Department of Molecular and Integrative Physiology, UIUC Program in Biophysics, National Center for Supercomputing Applications, and Beckman Institute, University of Illinois, Urbana, Illinois 61801, USA.
J Phys Chem B. 2010 Feb 11;114(5):1859-69. doi: 10.1021/jp909874g.

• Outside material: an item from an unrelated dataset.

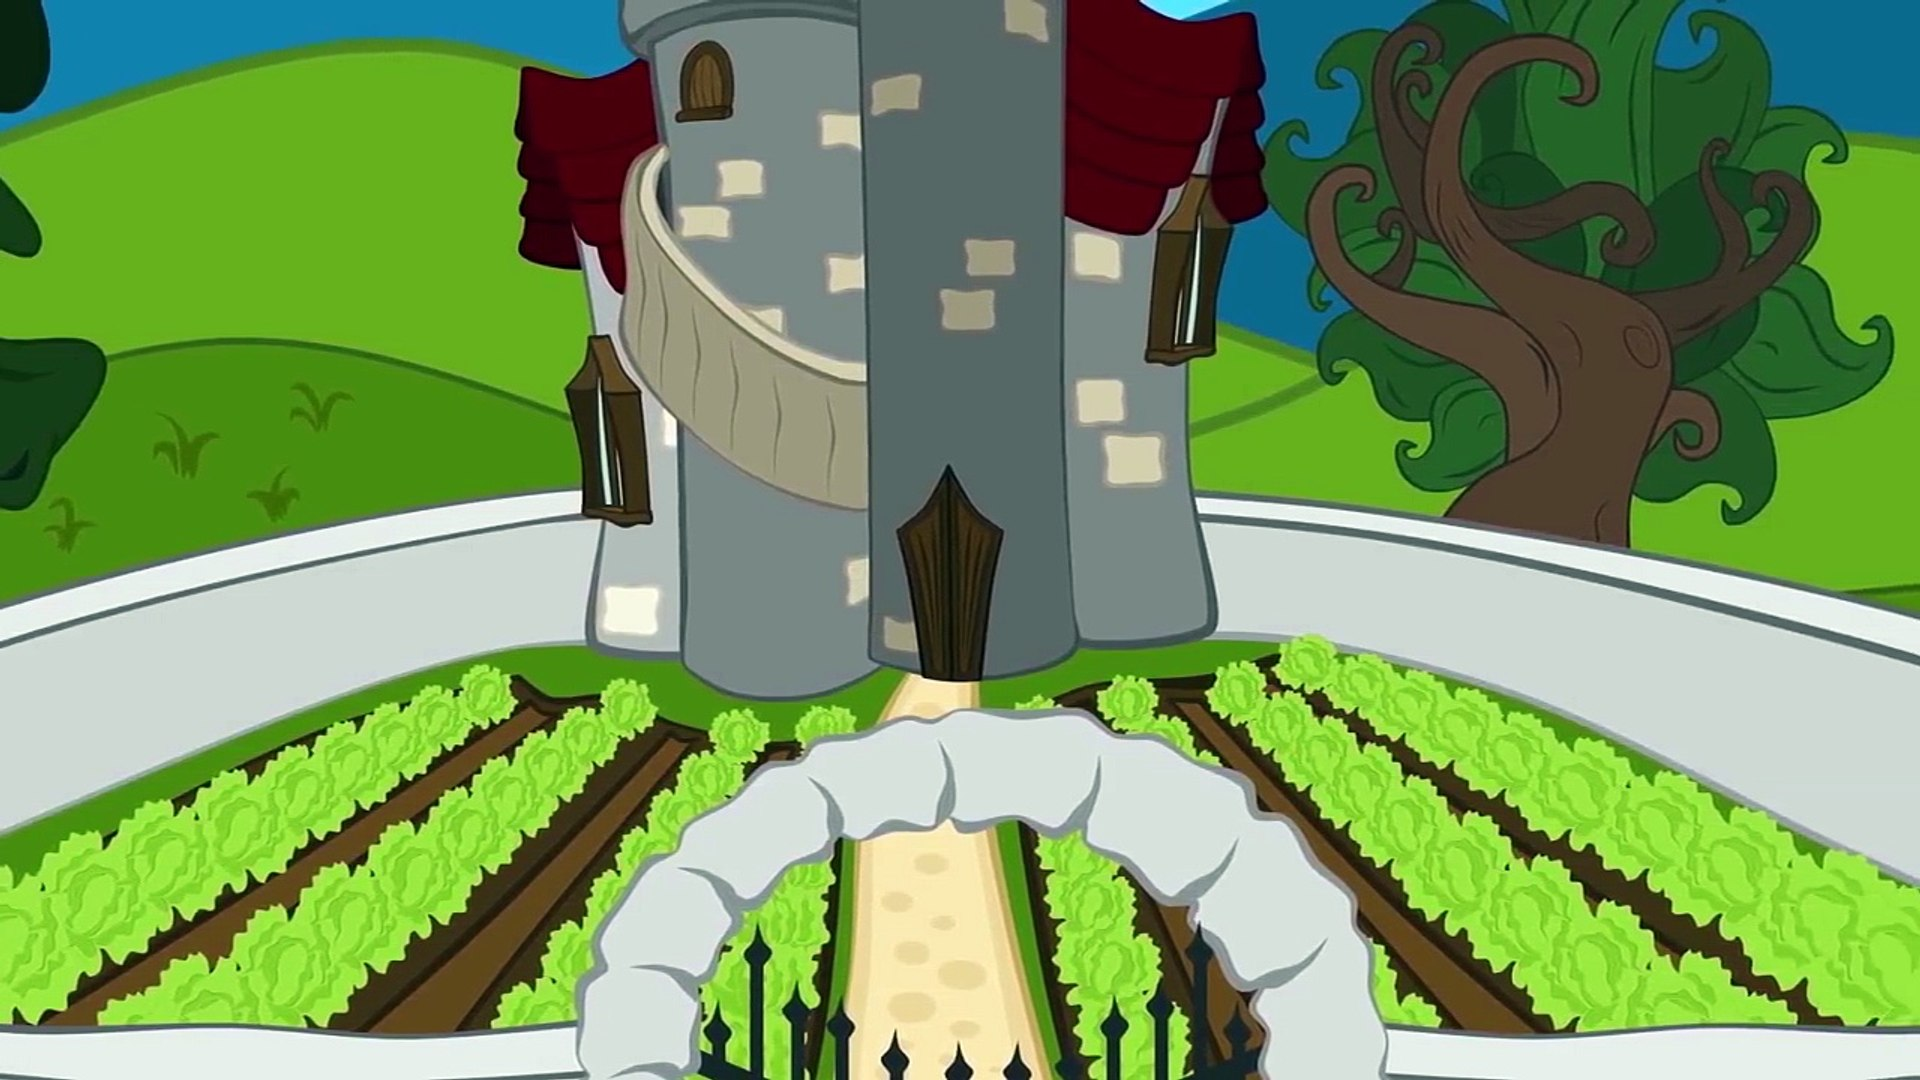 Rapunzel Cerita Untuk Anak Anak Animasi Kartun Stories For Children In Indonesian Gesffr1hguy Video Dailymotion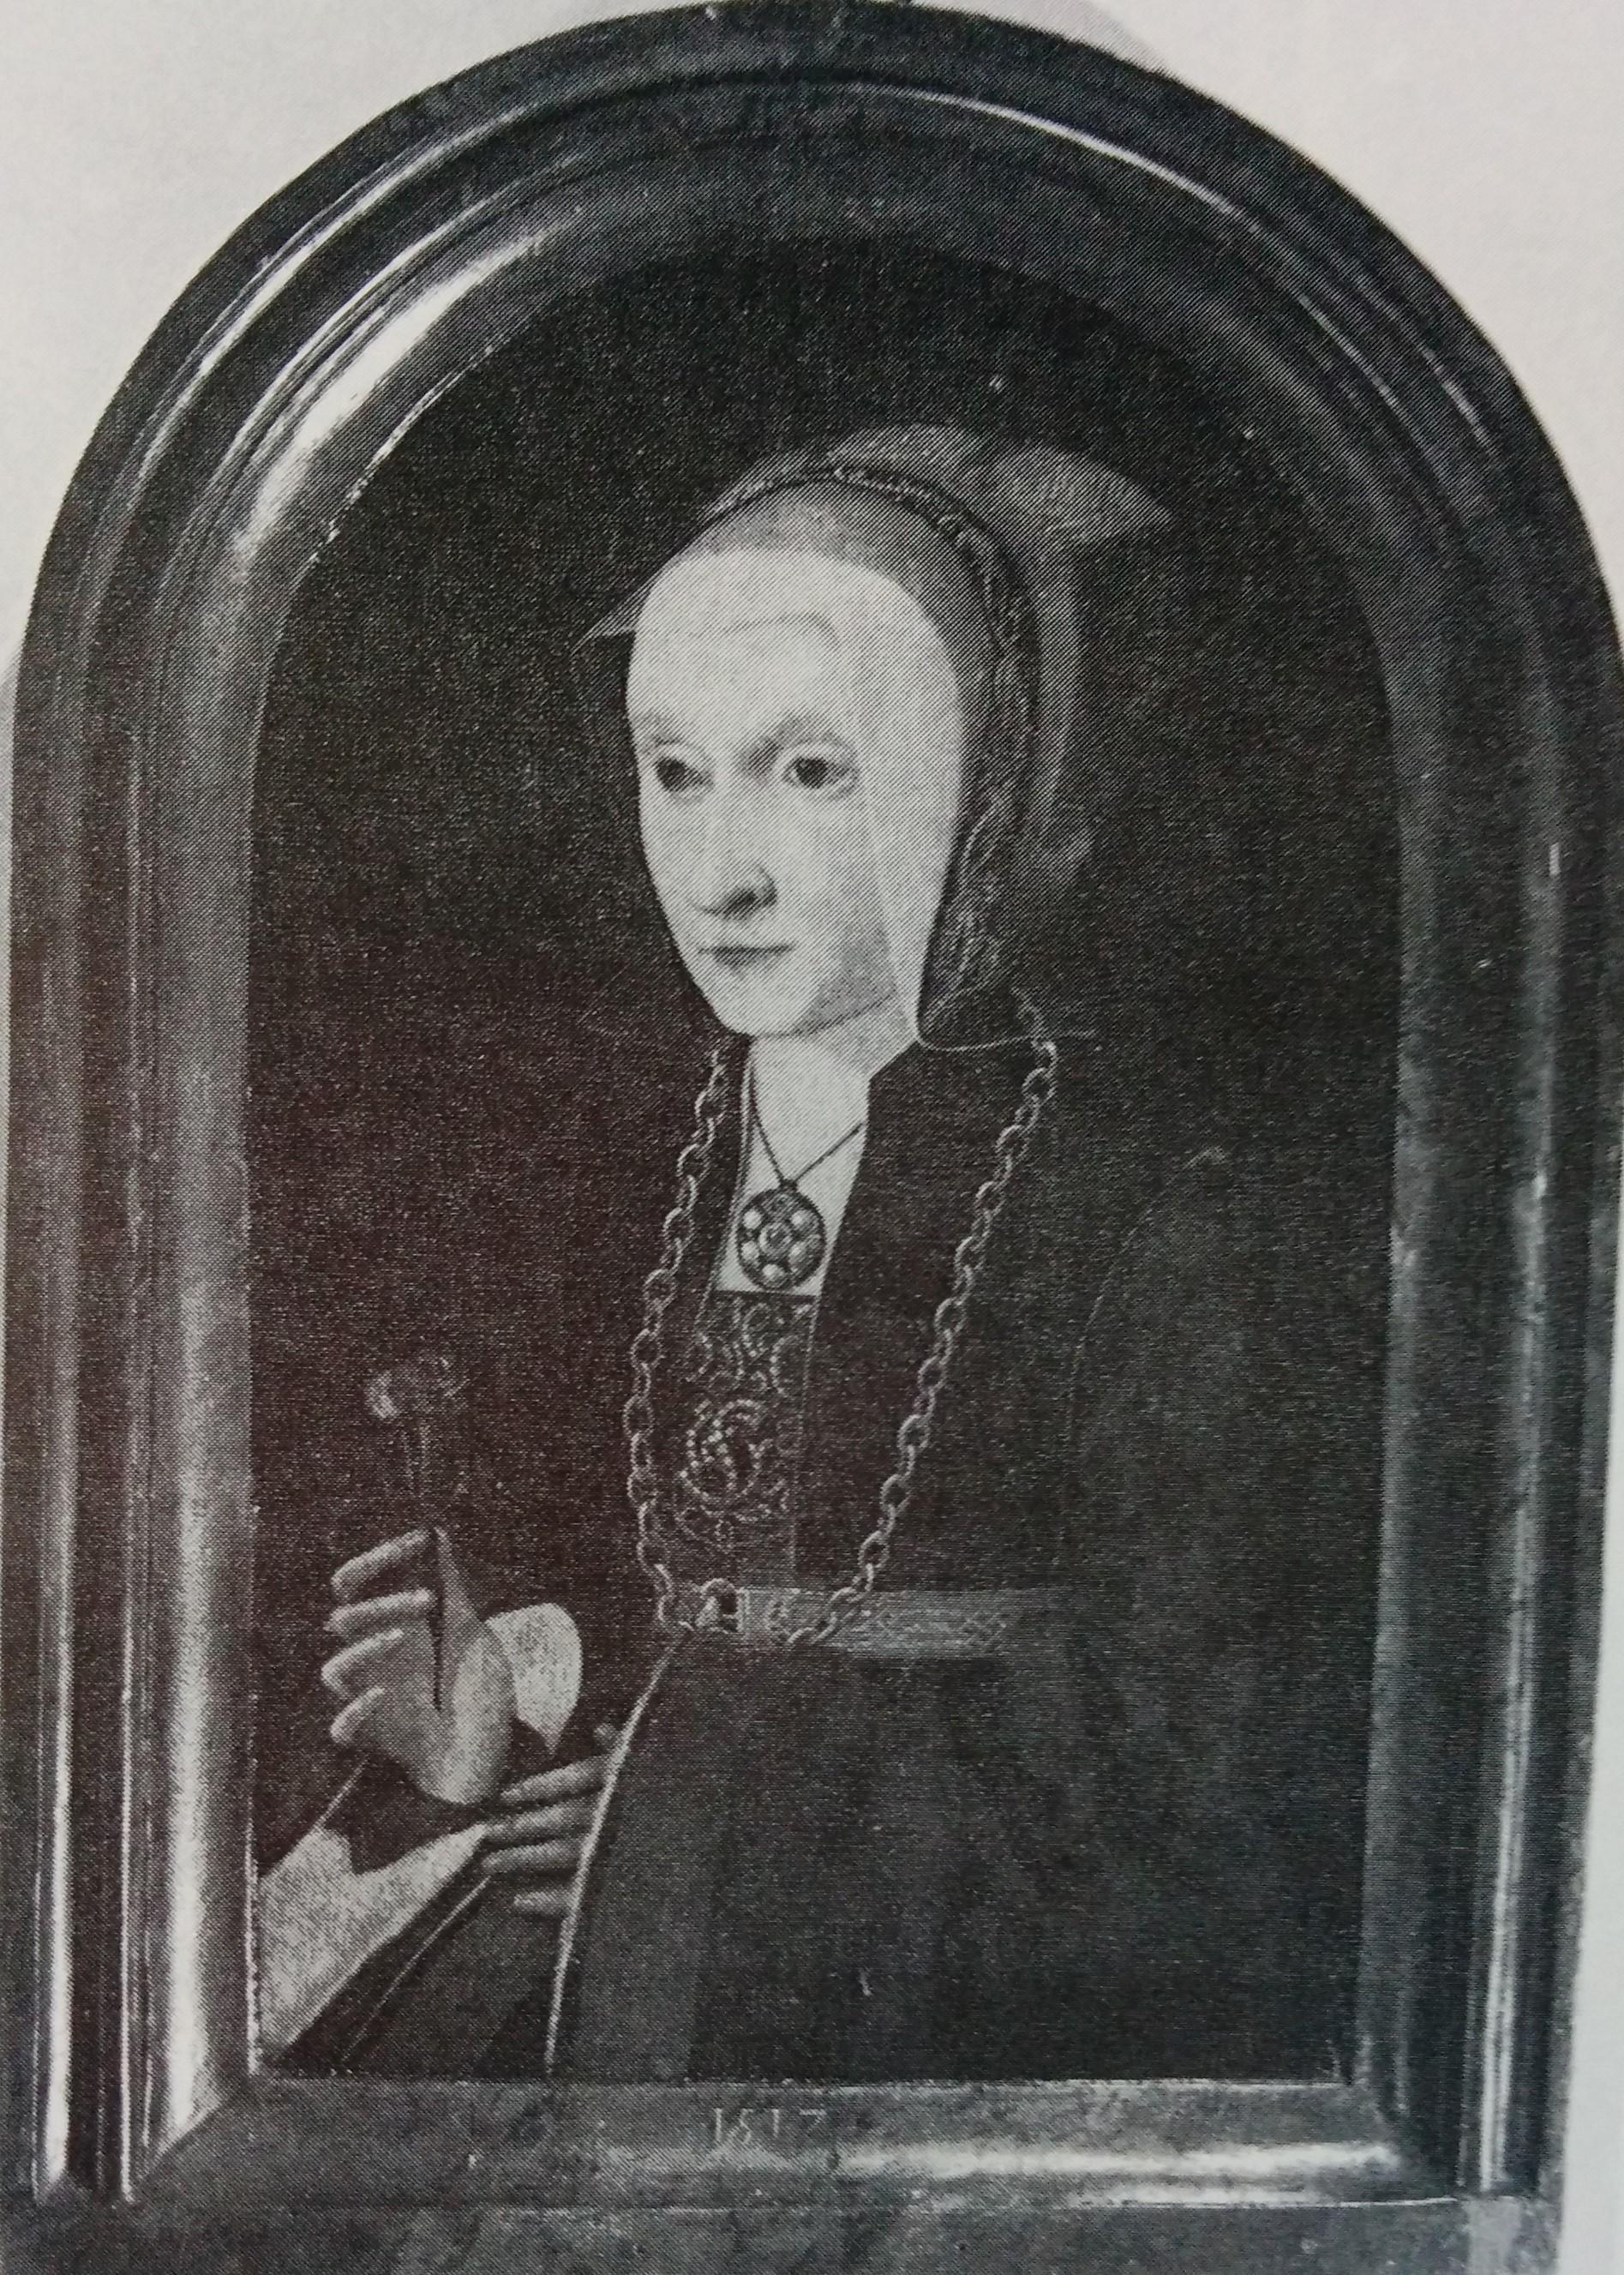 Barthel Bruyn l'Ancien 1517 portrait de femme

Native proteins have been optimized by evolution simultaneously for structure and sequence. Structural databases reflect this interdependency. In this paper, we present a new statistical potential for a reduced backbone representation that has both structure and sequence characteristics as variables. We use information from structural data available in the Protein Coil Library, selected on the basis of resolution and refinement factor. In these structures, the nonlocal interactions are randomly distributed and, thus, average out in statistics, so structural propensities due to local backbone-based interactions can be studied separately. We collect data in the form of local sequence-specific phi-psi backbone dihedral pairs. From these data, we construct dihedral probability density functions (DPDFs) that quantify any adjacent phi-psi pair distribution in the context of all possible combinations of local residue types. We use a probabilistic analysis to deduce how the correlations encoded in the various DPDFs as well as in residue frequencies propagate along the sequence and can be cumulated in a statistical potential capable of efficiently scoring a loop by its backbone conformation and sequence only. Our potential is able to identify with high accuracy the native structure of a loop with a given sequence among possible alternative conformations from sets of well-constructed decoys. Conversely, the potential can also be used for sequence prediction problems and is shown to score the native sequence of a given loop structure among the most fit of the possible sequence combinations. Applications for both structure prediction and sequence design are discussed.
天然蛋白质在结构和序列上同时经过了进化的优化。结构数据库反映了这种相互依存关系。在本文中,我们提出了一种新的统计势,用于简化的骨架表示,该表示具有结构和序列特征作为变量。我们使用了基于分辨率和细化因子选择的蛋白质卷曲库中可用的结构数据的信息。在这些结构中,非局部相互作用是随机分布的,因此在统计学上平均化,因此可以单独研究由于局部骨架相互作用引起的结构倾向。我们以局部序列特异性 phi-psi 骨架二面角对的形式收集数据。从这些数据中,我们构建了二面角概率密度函数(DPDF),该函数量化了在所有可能的局部残基类型组合下,任何相邻 phi-psi 对的分布。我们使用概率分析来推断各种 DPDF 以及残基频率中编码的相关性如何沿序列传播,并可以累积到一个统计势中,该势仅通过其骨架构象和序列就能有效地对环进行评分。我们的势能够以高精度识别给定序列的环的天然结构,而在来自精心构建的诱饵集的可能替代构象中,该序列是唯一的。反过来,该势也可用于序列预测问题,并在可能的序列组合中得分给定环结构的天然序列。讨论了结构预测和序列设计的应用。